We are humans because our brains and its higher level of organization and functionality, separates us from animals, as does its sophistication, its capacity for multitudes of different types of information processing, communication, thinking etc. An animal doesn't need to know about death to avoid death. Like any animal, there is just a hardwired program in the brain (instinct) called "avoid danger". Thats it. A snake has no more of an idea of what death is than a cockroach does.
And i think bull fights are stupid. The emotion about bull fights has nothing to do with the hard facts of human neuroanatomy and brain function. It has to do with the simple path of decision making in the human brain. When presented with the idea of a bull fight or dying animal, our unconscious mental processes (processing this as a moral issue, not a logica;/rational issue), sends a strong feeling of "wrong" to our conscious awareness. We really don't know anything more than that and our rationalizations, however good they may be are simply post hoc rationalizations for a feeling about something, the origins or "reasons" of which, we have no direct access to. The very fact of how our brains processes moral questions unconsciously tells us with certainty that we have no idea if our negative response is due to innate genetic wiring or anything else as we have no ability for our conscious minds to probe those unconscious processes. Instead, we just search for "makes sense" explanations and go on with our day as if we knew it all along.
Much of your whole world is an illusion. Your ideas. Your beliefs. Even your own understanding of reality and amusing need to cling to an idea of an objective reality which doesn't even exist. In the real world, there is no such thing as colors, sounds or smells. Like much of what you think are real, these are simply constructs of the brain. So its a bit silly for you to argue what a cow is "feeling" or "imagining" or that it can actually be "comforted" as its bleeding to death after a traumatic event.
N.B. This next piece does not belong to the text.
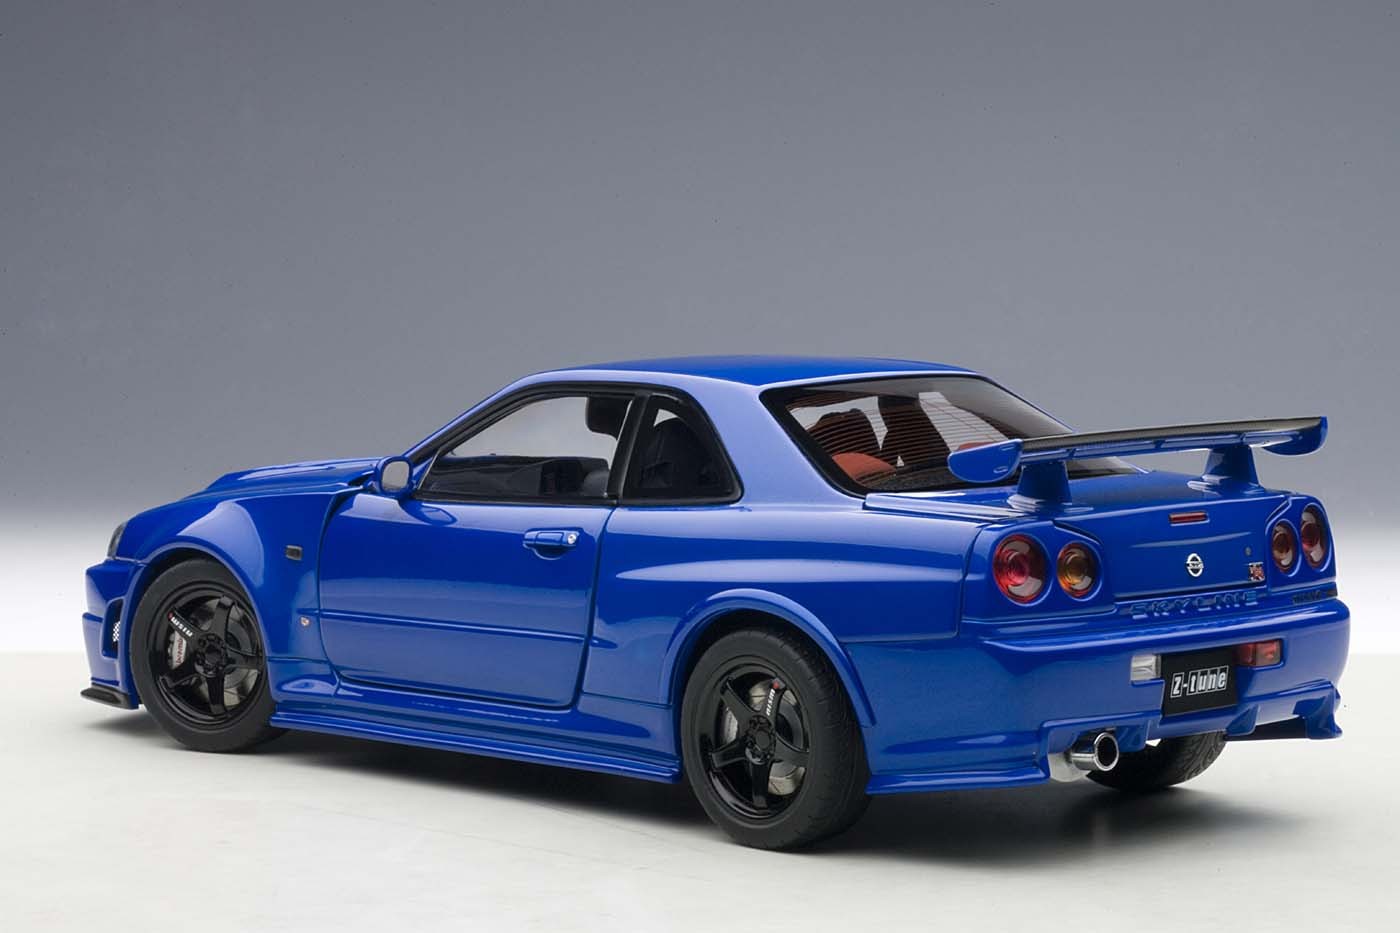 Autoart Die Cast Model Nissan R34 Gt R Z Tune Skyline Bayside Blue Die Cast Model In 1 18 Scale Item Au Eztoys Diecast Models And Collectibles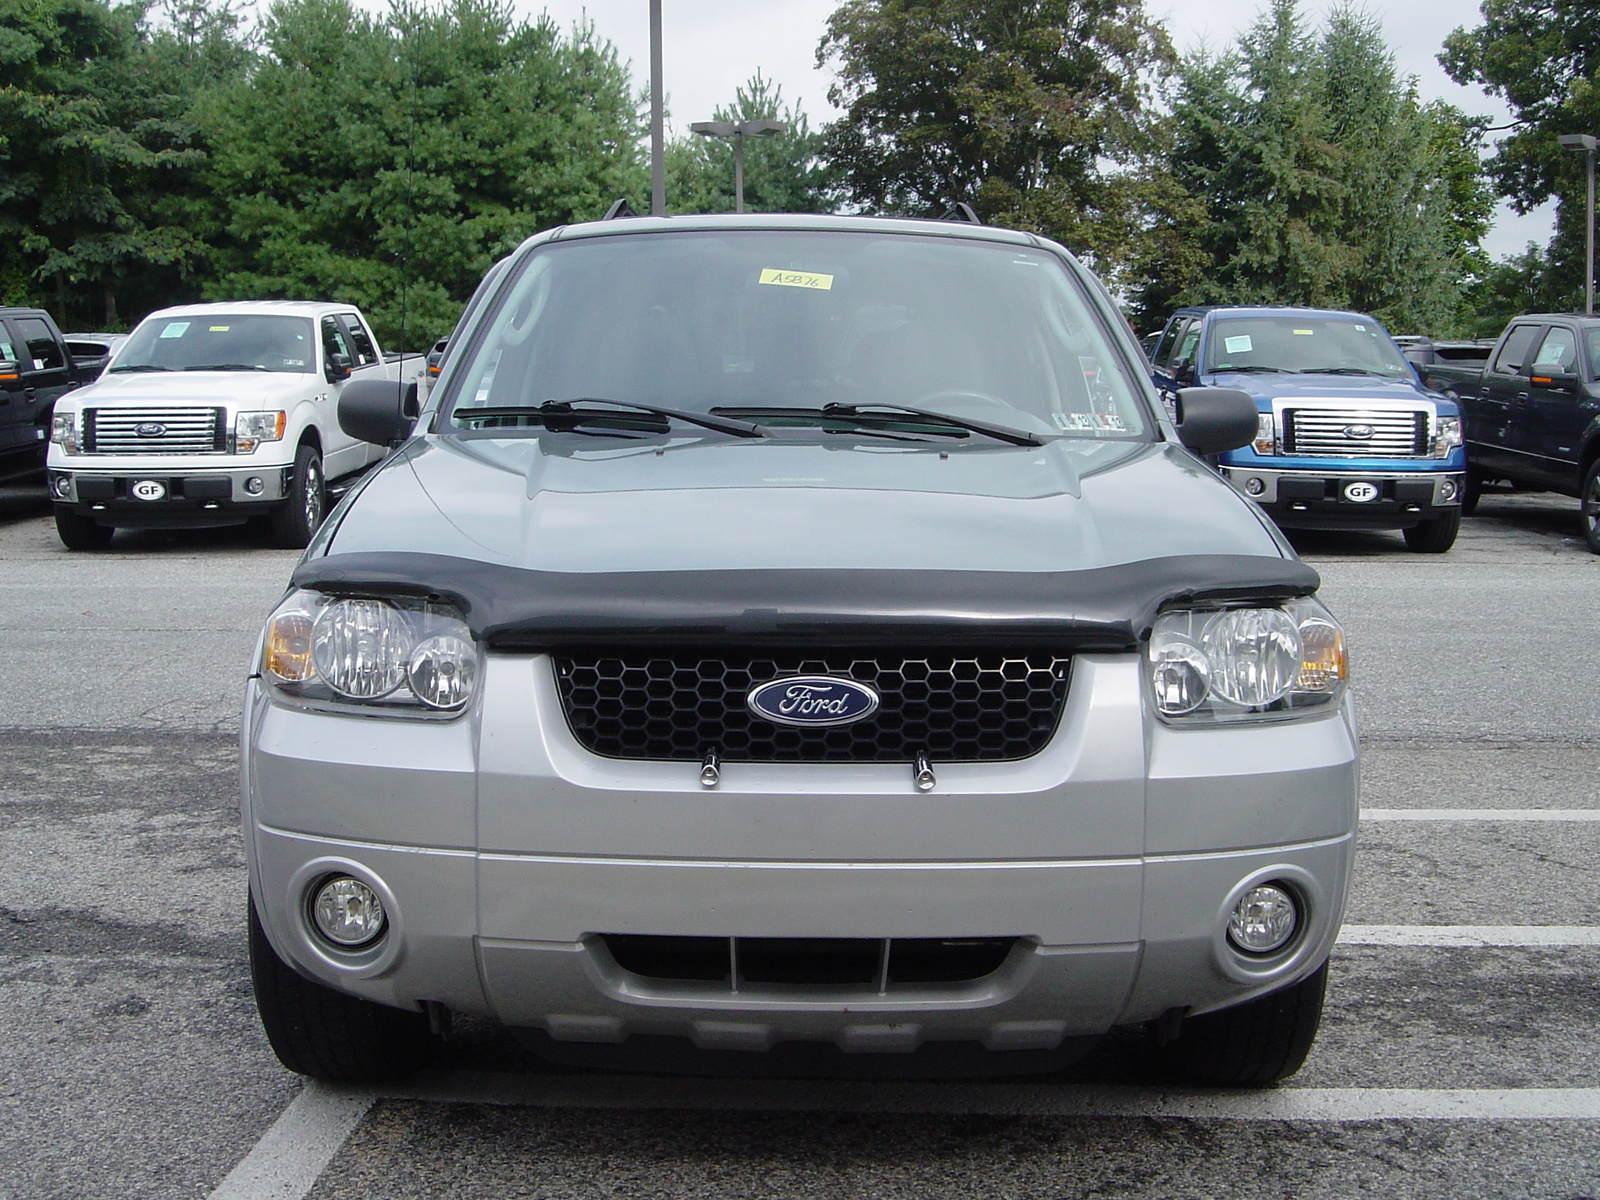 2010 Ford escape reviews yahoo #4

Do i think a bull should be killed for amusement?
No.
Do i think a dying bull can be "comforted" which assumes a wide range of emotions it has no capacity to experience?
No.
A dying animal for the most part knows nothing but "i cant get up". It's not wondering about its sins, an afterlife, its death nor does it have the capacity to ponder death, its meaning and so on.
Incidentally, context is everything. If it was a crocodile that had just ate a baby and someone shot it, the story wouldn't be "poor crocodile is agonizing and dying and needs comfort" and no ones minds would ever go to that place or consider the crocodiles "feelings" if he had them.